The second-rower has been put through the ringer by injury on several occasions.
In September his long stint at Wigan ended with a medial ligament injury and dislocated kneecaps suffered in a match against St Helens.
Wells missed the whole 2018 season with a broken foot, not playing a single game, and then he struggled for regular game-time during 2019.
But now the 23-year-old is out for a fresh start at his new club and is keen to put his injury hell in the rear-view mirror.
“I’m all good at the moment,” Wells said.
“Last year I did my medial against St Helens and that kind of got me down a bit. I was just questioning myself, saying ‘why me, why can’t I get through a season without getting injured’.
“But it’s the nature of the game and you can’t take that away. It happens. It’s a process every player goes through, I suppose, but some are luckier than others.
“It’s just the roll of the dice. That 2018 season was probably the big one where I was feeling down because I didn’t play a single game, I was injured all year.
“Doing rehab on my own every day was difficult but I’ve bounced back from all that now and I’m ready to crack on with the new season and I want to get as many games as I can under my belt.”
Wells debuted for Wigan as a 19-year-old in 2016 and has had loan spells at Swinton and Toronto. But the forward, now 23, feels he has a point to prove in Super League.
“I just want to put myself in the shop window to show everyone what I can do and prove a point that I do belong in Super League,” he said.
“I did enjoy my 2019 season at Swinton, which gave me the opportunity to play after that year of being injured. And I hold them in deep respect.

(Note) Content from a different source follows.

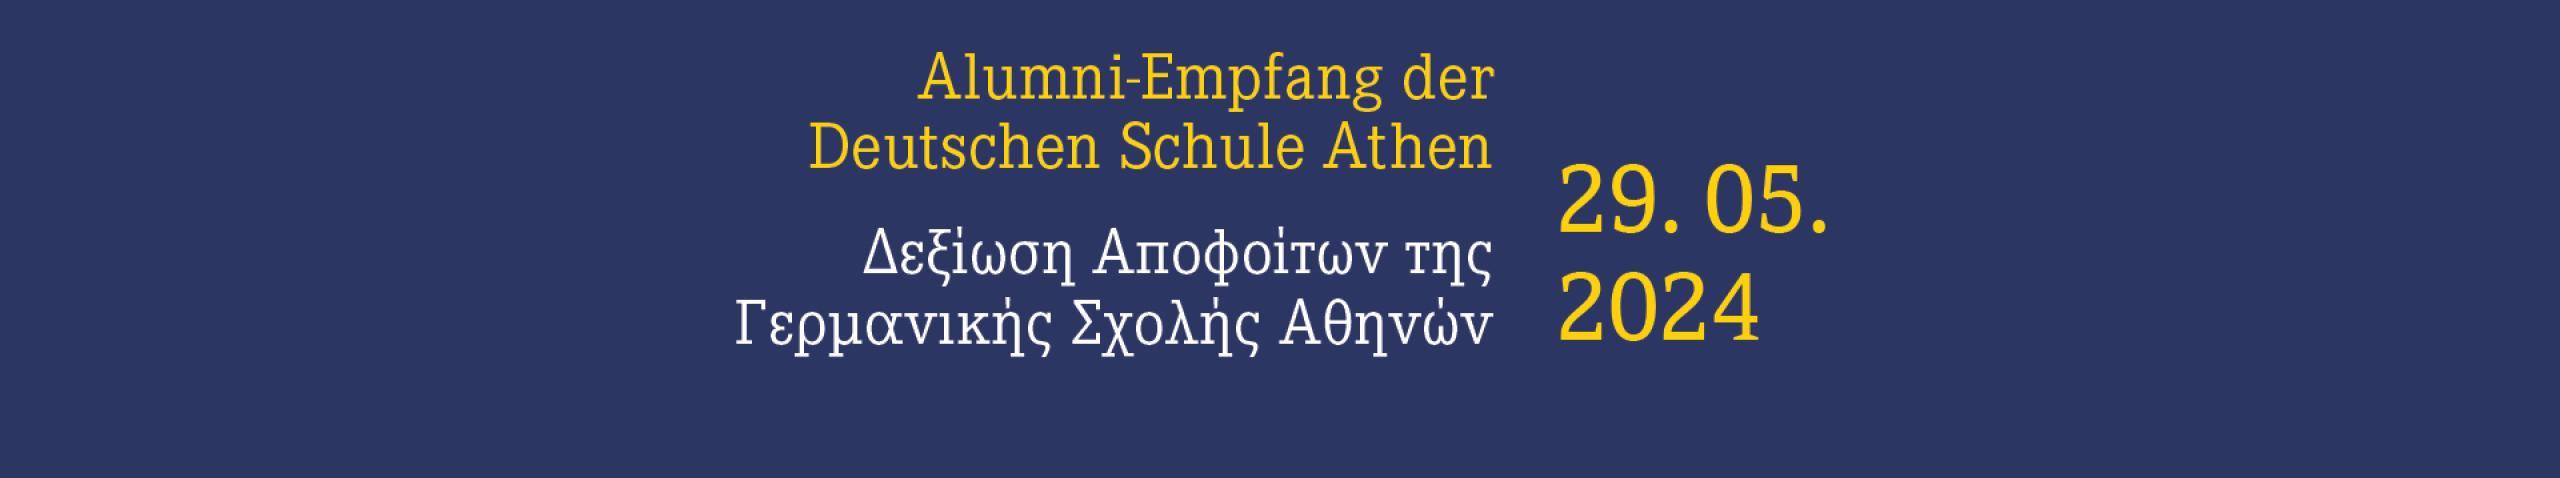 Alumni-Empfang der Deutschen Schule Athen

“But Super League’s obviously a step up and that’s where I want to be, so there are a lot of points to be proved.”
Wells spent a decade with the Warriors, coming through the club’s youth system.
He admits it was difficult to leave Wigan, but is excited to have joined Salford, the club he has supported since childhood.
“I’d been there since I was 13 years old and I came through the scholarship system, the Academy and got the chance to sign for the first team. So it was emotionally tough leaving. It was kind of a surreal feeling, as I’d been there from such a young age and that’s all I’ve known.
“But to be in a different environment tests your character as a person and your development as a player when you’re meeting new people and training with new players. It’s been a great experience and I just can’t wait till the season gets going.
“My whole family’s chuffed with me. I’ve been watching Salford since I was six years old. Signing for them now is an amazing feeling.”